▶ [Dataset content]:
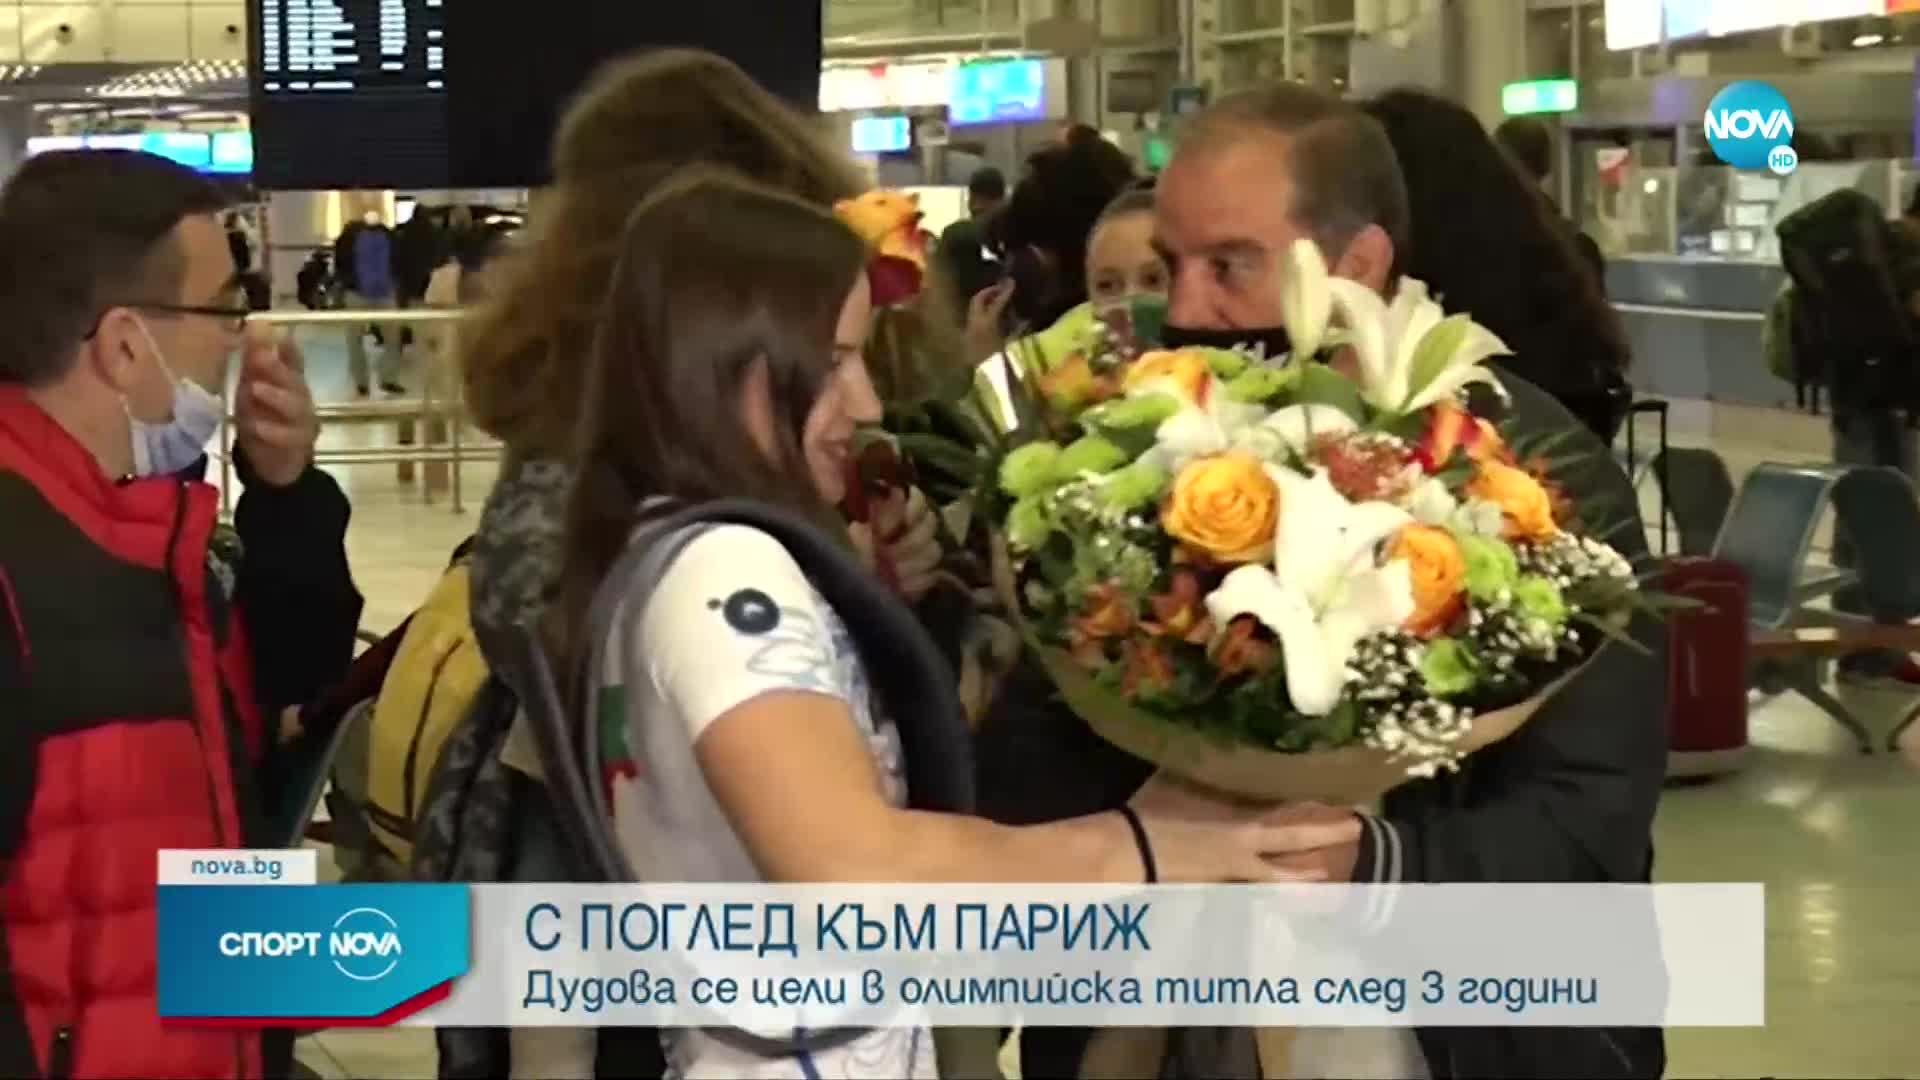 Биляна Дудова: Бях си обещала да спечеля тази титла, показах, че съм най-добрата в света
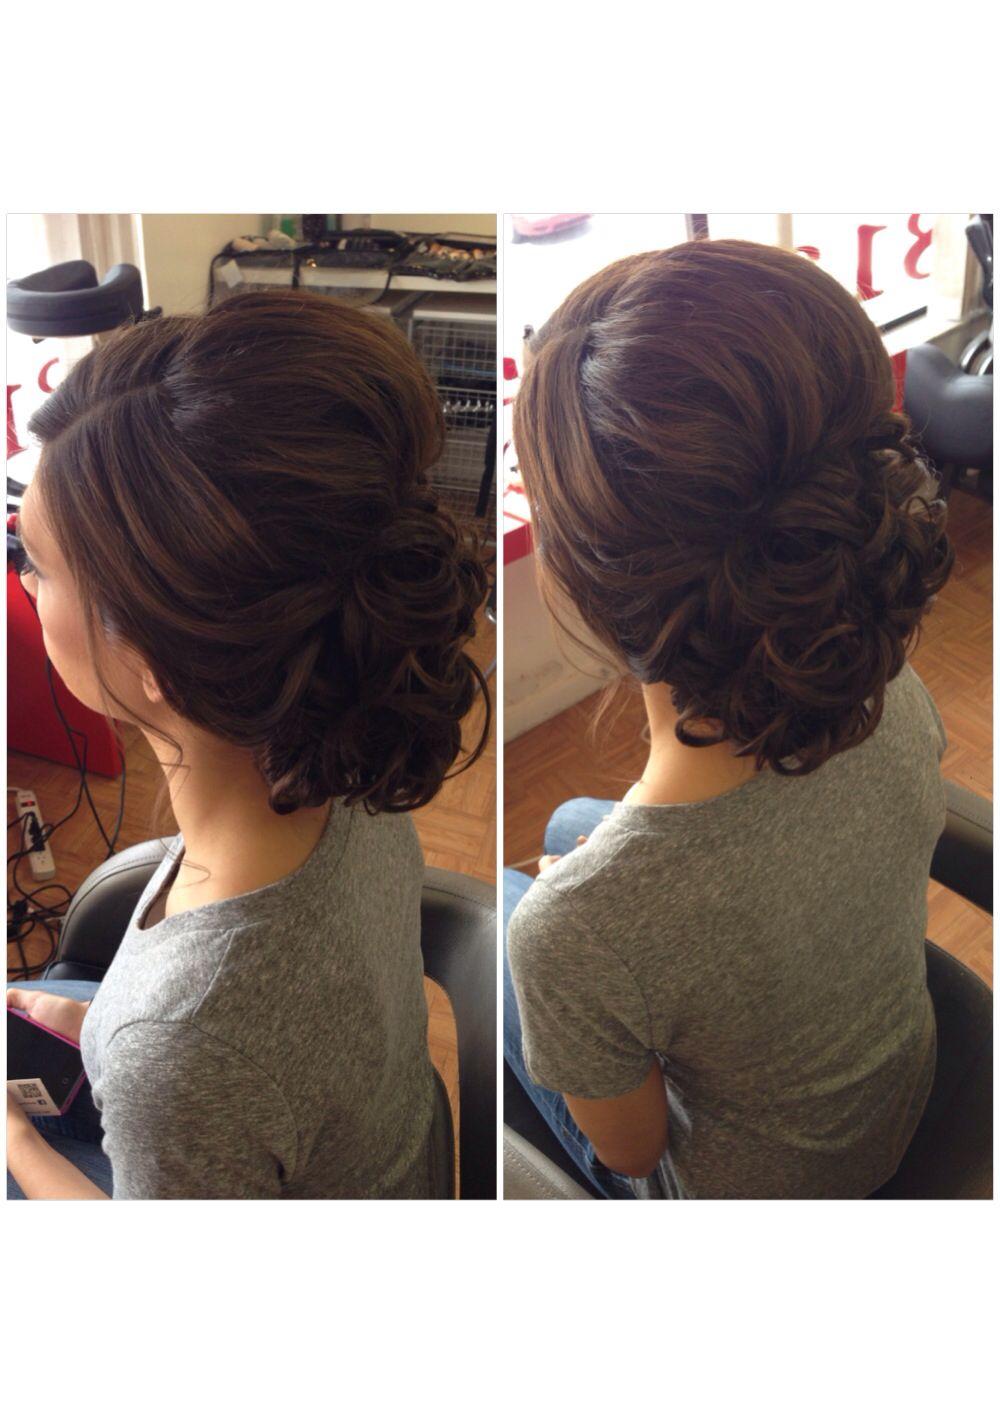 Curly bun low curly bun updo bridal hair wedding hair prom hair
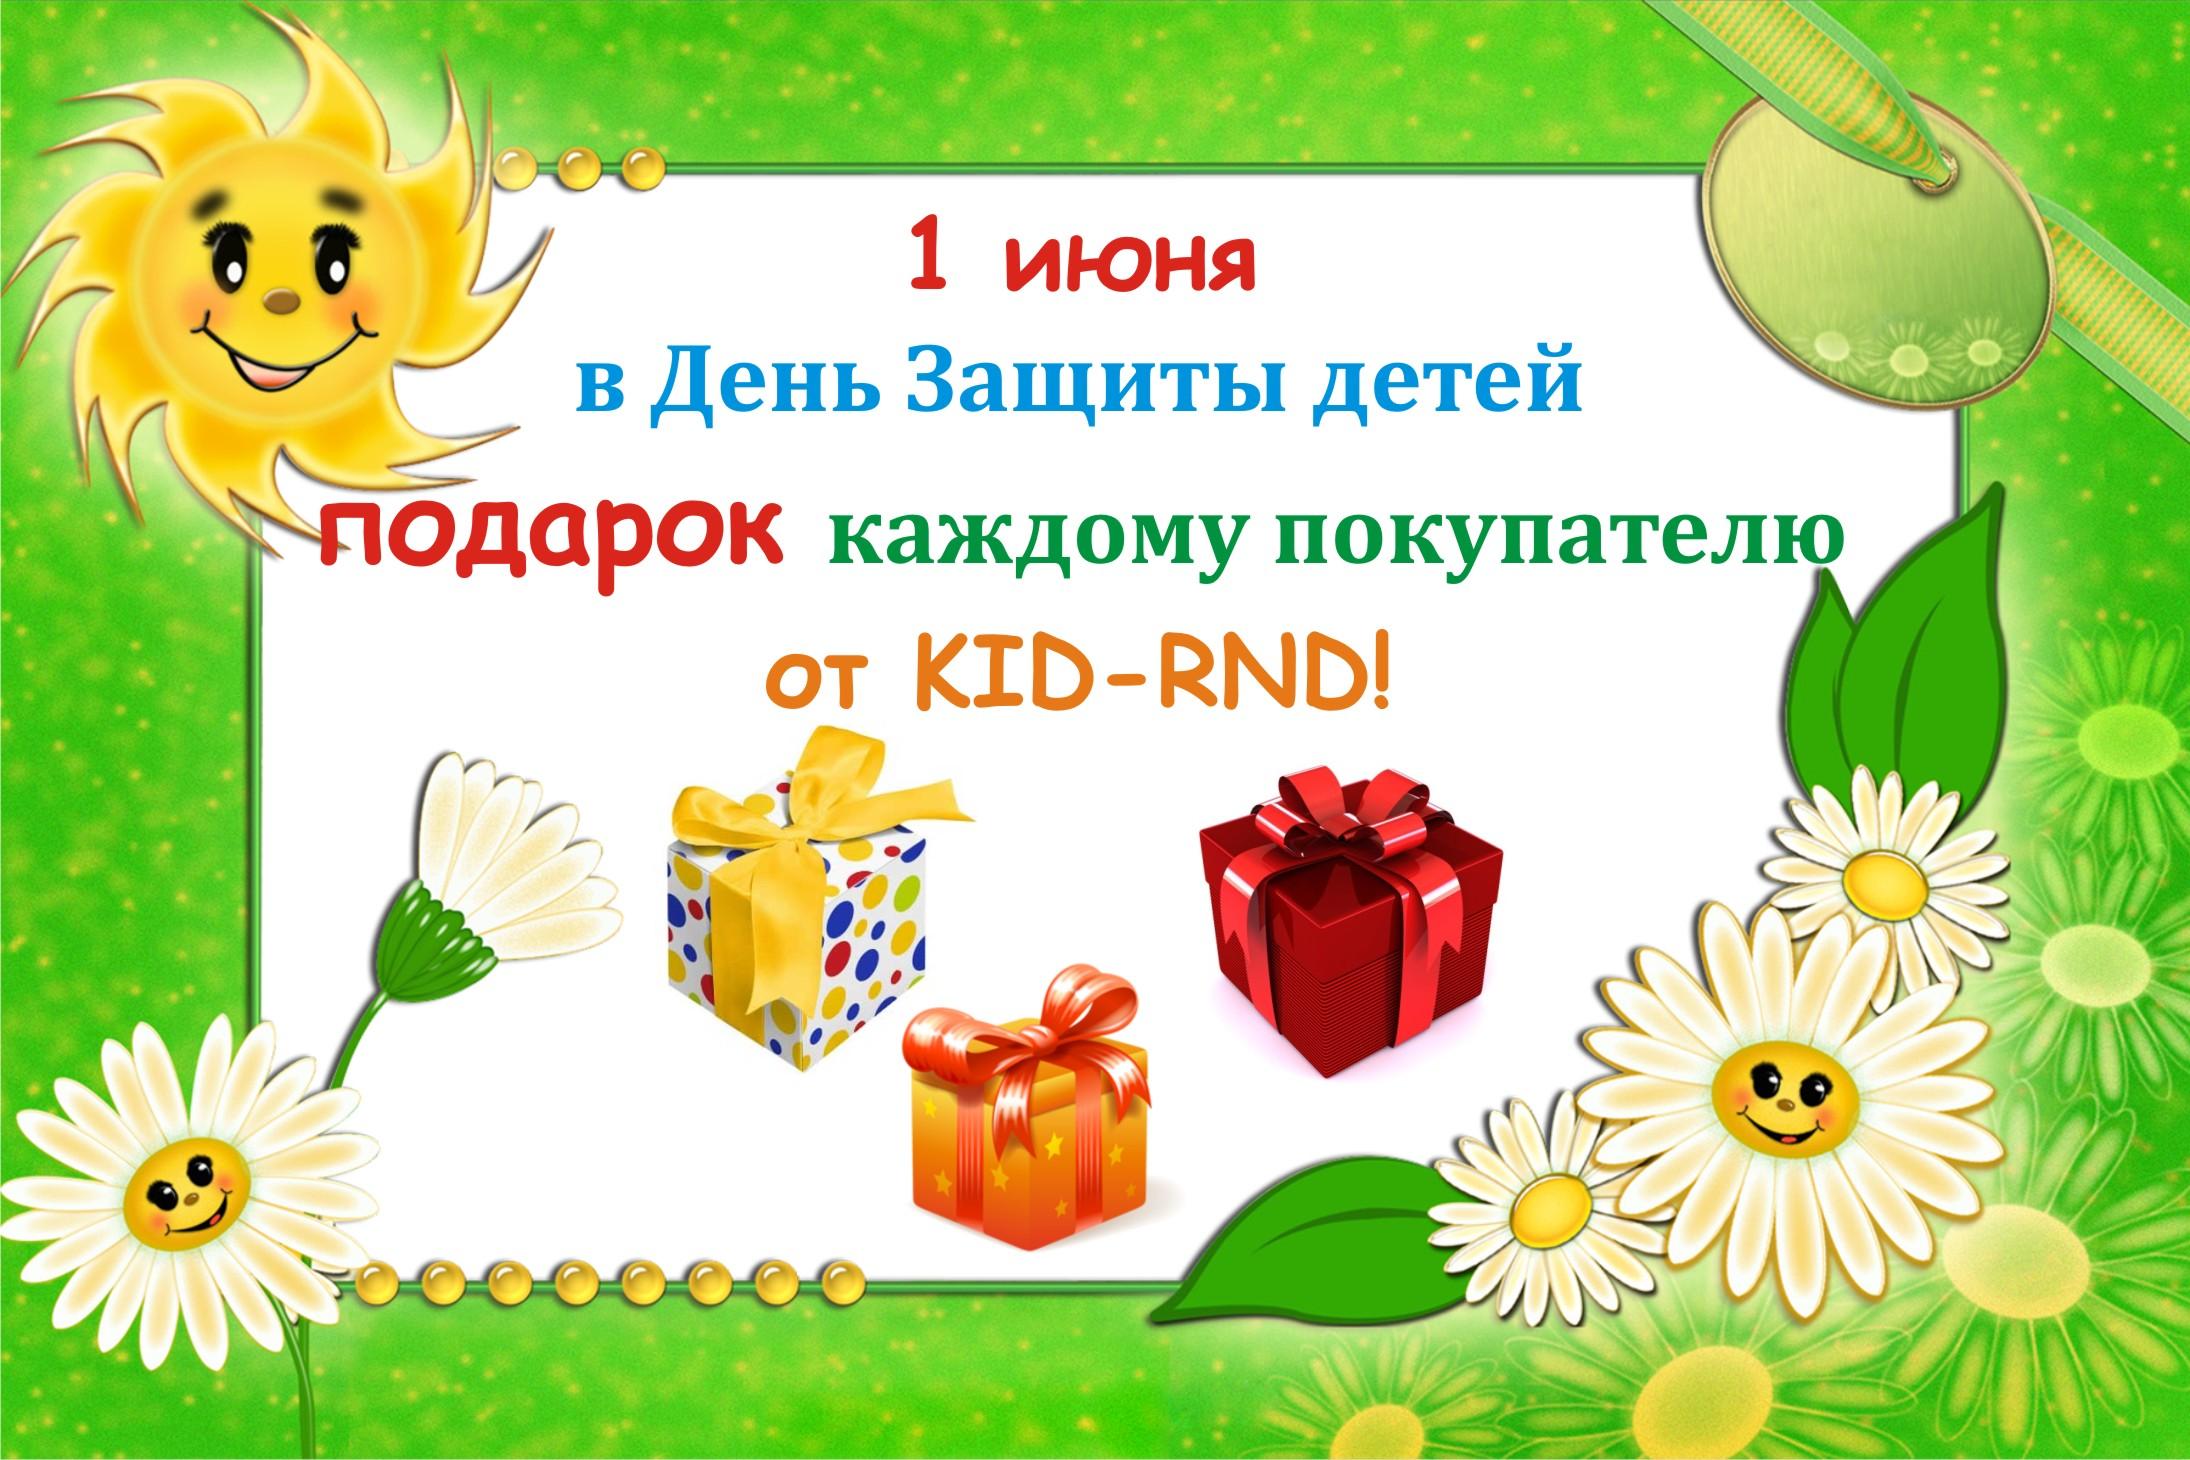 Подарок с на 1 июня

▶ [What to work on]: Reproduce the listing above exactly, excluding all pictures.

▶ [Task solution]:
 Биляна Дудова: Бях си обещала да спечеля тази титла, показах, че съм най-добрата в света
 Curly bun low curly bun updo bridal hair wedding hair prom hair
 Подарок с на 1 июня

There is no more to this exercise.